In terms of the generic equity release clause in standard IVAs your understanding is correct. The clause will state that the incremental monthly cost of any mortgage for equity release can't exceed more than 50% of the IVA payments at that time. Further information is available about this here: How is equity affected by an IVA

This is one of the safety measures included to protect the person in the IVA so that the amount of equity they are required to release is limited.

In terms of your friend's specific case, from what you have said it does seem that the proposal contradicts itself in different parts as to what should happen to the property in this instance. It seems to have become more confused by the fact that the IVA company changed half way through. As such the person who initially drafted the proposal is no longer available and so can't be referred to for clarification......

I am not sure whether James can add anything but it seems to me that given the circumstances, the current IVA company can interprit the meaning of the document one way and you and your friend in another. Unfortunately in these situations if there is a stale mate the only way forward will be to get a lawyer involved...... As such, if it is impossible to come to a mutual agreement with the current insolvency practitioner I think you are going to need to get an insolvency solicitor to look at this......
#35106
Hi Steve

As I understand it you are querying whether or not your friend's property should be part of their IVA agreement at all.
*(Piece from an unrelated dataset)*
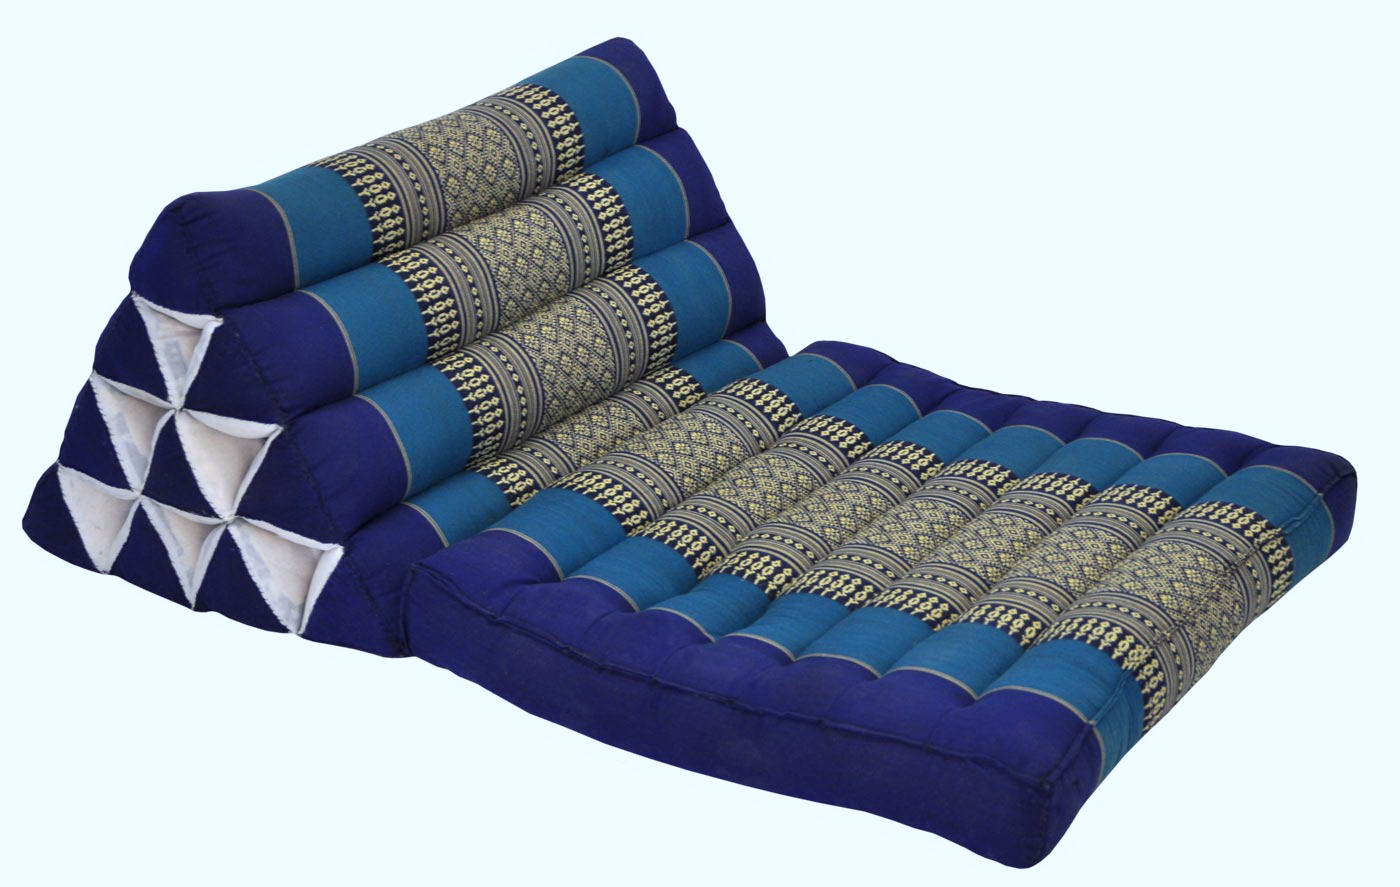 Coussins thai matelas yoga canape oreiller polochon for Tapis de yoga avec canape sun

My gut reaction would be to say that this would have been the intent of the proposal. It is hugely unlikely that any homeowner starting an IVA in the last 10 years would have got away with their property simply being exempt.
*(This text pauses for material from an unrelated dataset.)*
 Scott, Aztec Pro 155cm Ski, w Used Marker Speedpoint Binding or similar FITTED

That said the documents you have reviewed are clearly unclear on the matter and there are clauses that seems to contradict each other. As such I do not think the original intent of the proposal will ever be clear. Given this unfortunately I do not have much good news for you and as I see it there are only 2 ways forward.

The first is to reach a compromise with the IVA company that both parties are happy with. Of course this is easier said than done especially if the IVA company dig their heals in and simply say that the equity release clause has to be adheared to.

Of course this scenario is not necessarily disasterous. If (through gritted teath) you agree the clause stands the equity only has to be considered if there is more than £5000 based on 85% of the market value of the property. Even then as you know it may be impossible to release anything and so the payments will simply extend for a further 12 months.

If you do not agree with this then the only other option is you will have to get legal advice. An insolvency lawyer may be able to give further clarity. They may agree with you and be able to robustly argue your friend's case to an extent that the IVA company back down. However I am sure that they will be unable to give any guarantee and may say that if the IVA company doesn't budge the only way forward would be a legal fight which your friend may not have the appitite or funds for..... Facing this scenario backing down and accepting the clause would ultimately work out a cheaper option.